CardiostarUSA1 responded:

"....and had some issues with low blood pressure a few years ago. I went through a full panel of testing for heart problems, and everything checked out okay."

Things may/can change at any time, even in a split-second.

"What's the deal? Can that heart rate of 42 possibly be right?"

It may/could be.

In general-only here, during vigorous exercise/physical activity, one's heart/pulse rate and blood pressure (BP) should rise accordingly, though in some, heart rate and/or blood pressure may drop, which may/can be indicative of a problem, thus requiring a thorough investigation by a qualified doctor or doctors.
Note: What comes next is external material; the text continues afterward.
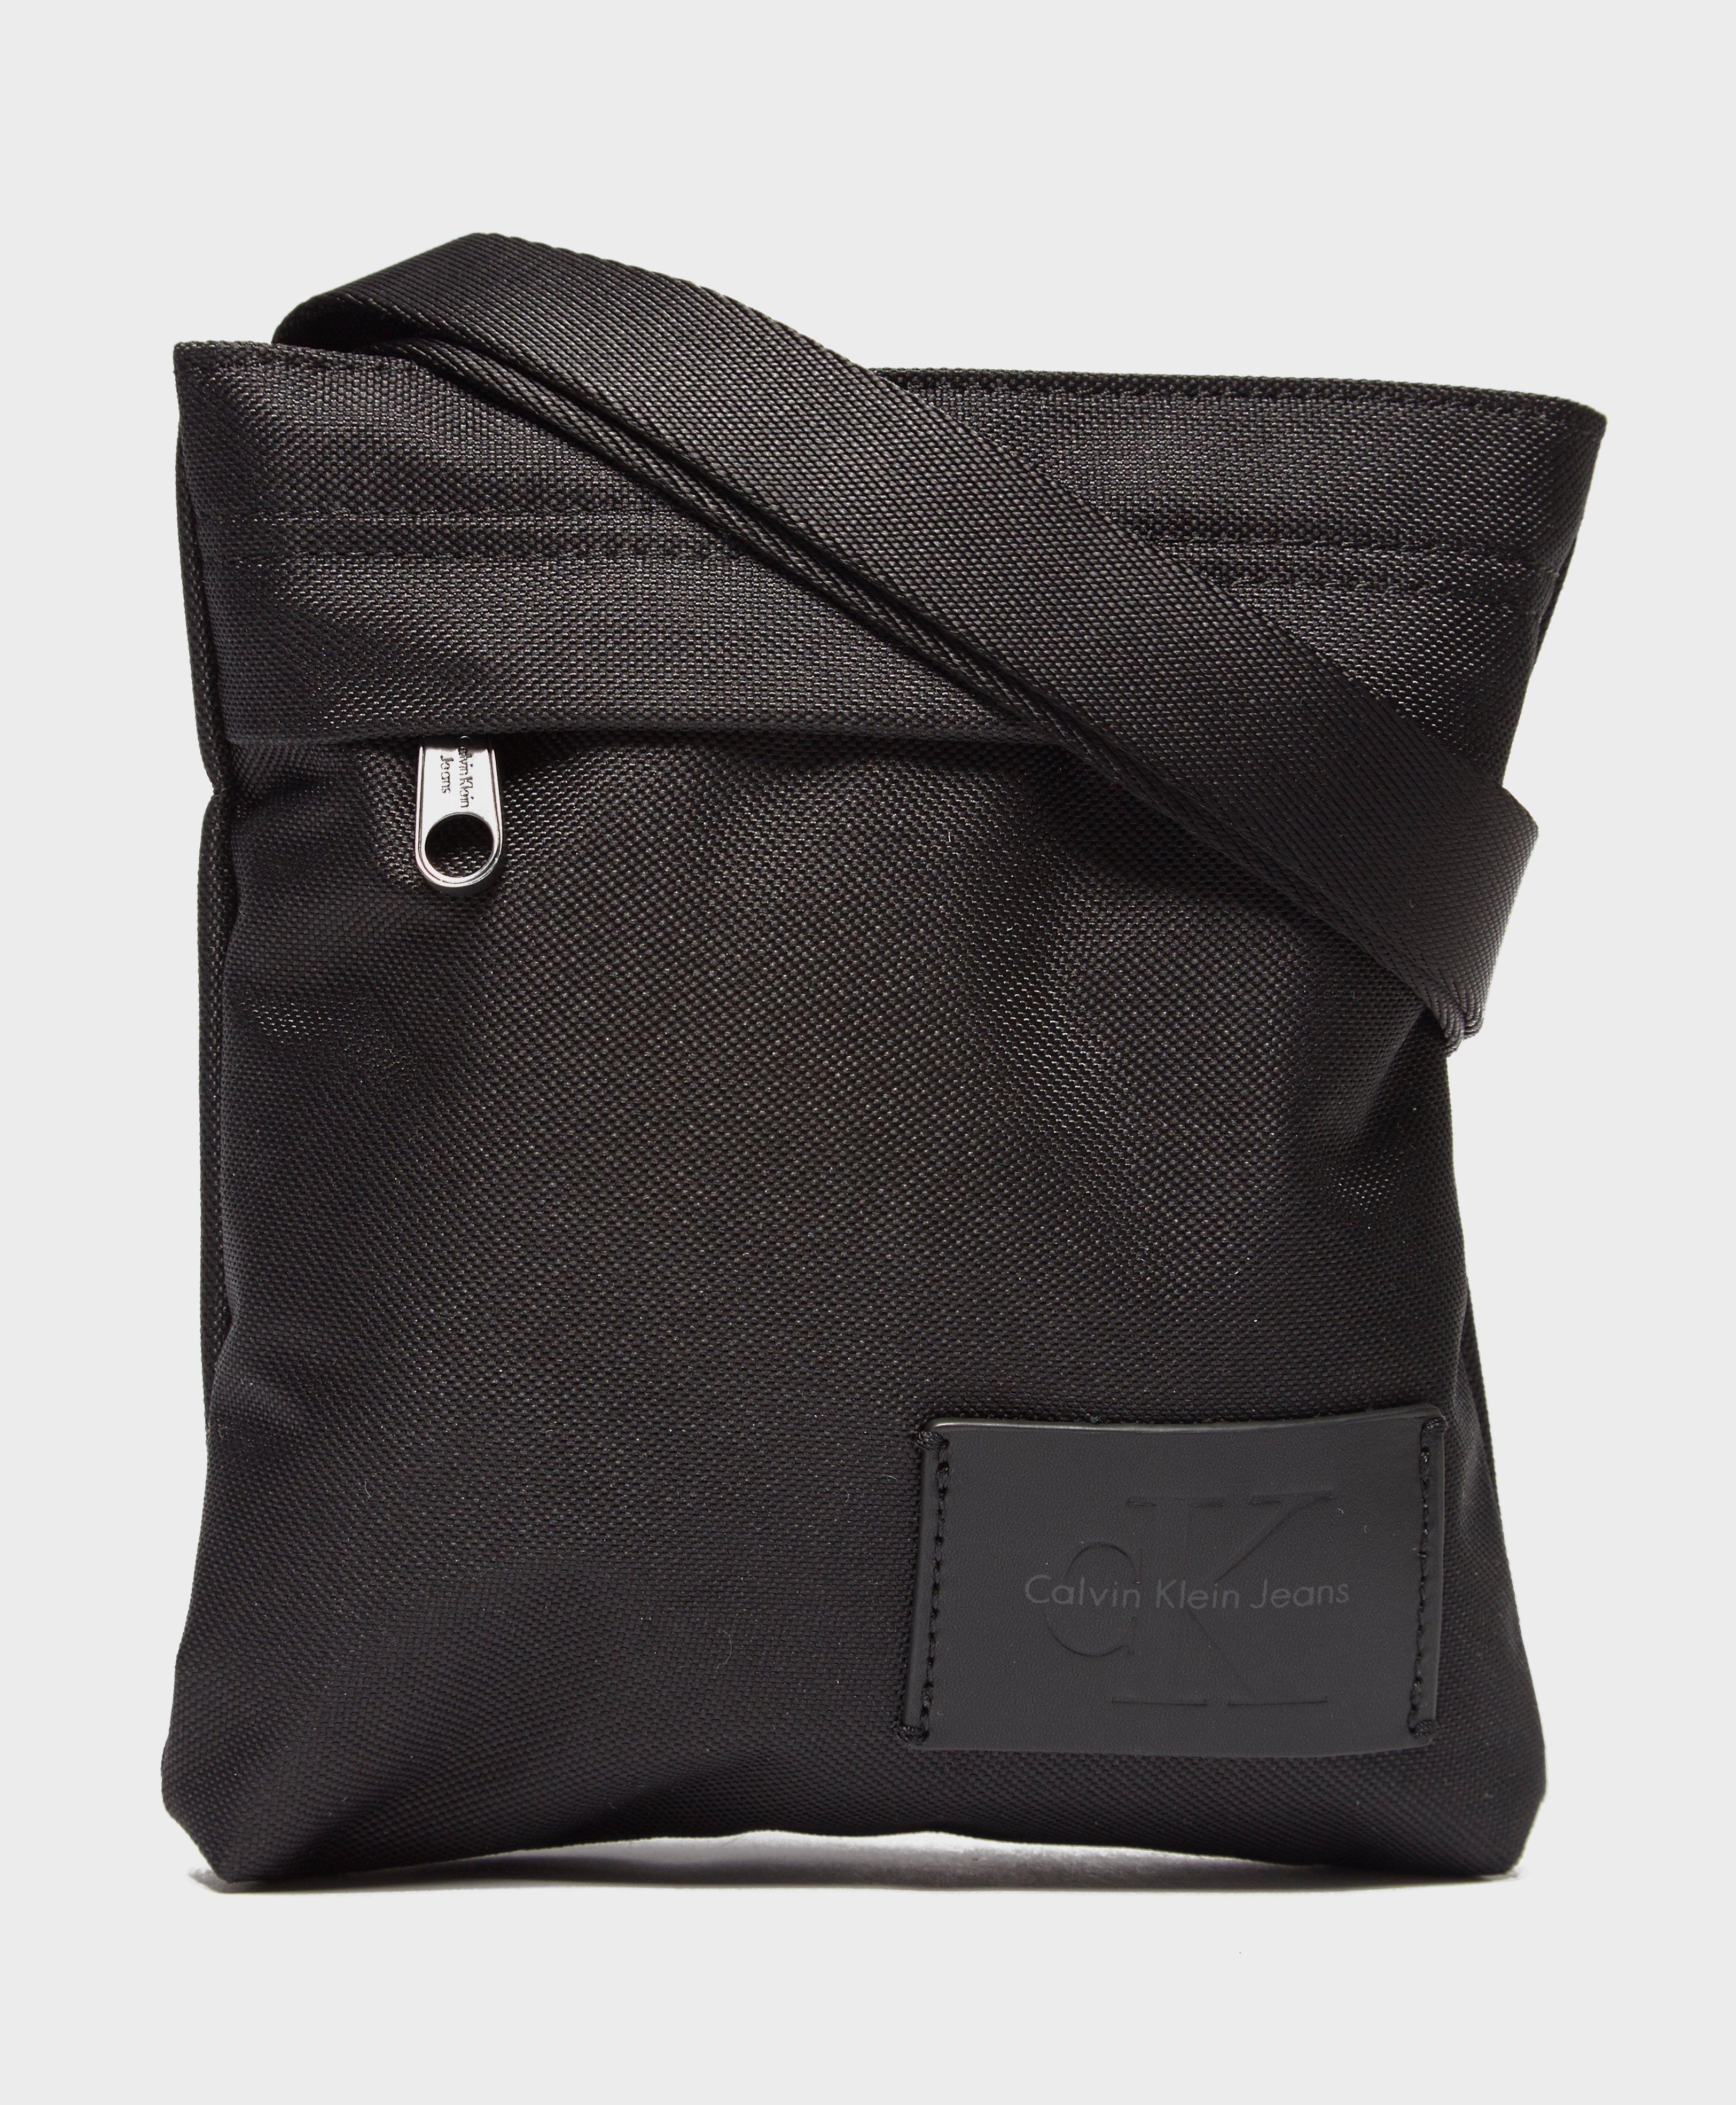 Calvin Klein Synthetic Essential Mini Bag in Black for Men - Lyst

As reported, causes of a drop in heart/pulse and/or blood pressure during vigorous exercise (exercise-induced decrease) includes, but is not limited to, problems in the coronary arteries (e.g., atherosclerosis, arteriosclerosis), the heart muscle/myocardium (e.g., damage or dysfunction), and the heart valves (e.g., regurgitation/leakage or stenosis/narrowing).

Normal resting range heart/pulse rate is 60-100 beats per minute (BPM). Average resting heart/pulse rate in men is 72-78 BPM and in women is 78-84 BPM. Under 60 BPM is bradycardia (slow heartbeat). Bradycardia may/can cause various symptoms such as lightheadedness or dizziness, confusion, weakness, or syncope (includes passing out and fainting).

be proactive in your health care and treatment. Most important, communicate/interact well with your doctors. Best of luck down the road of life.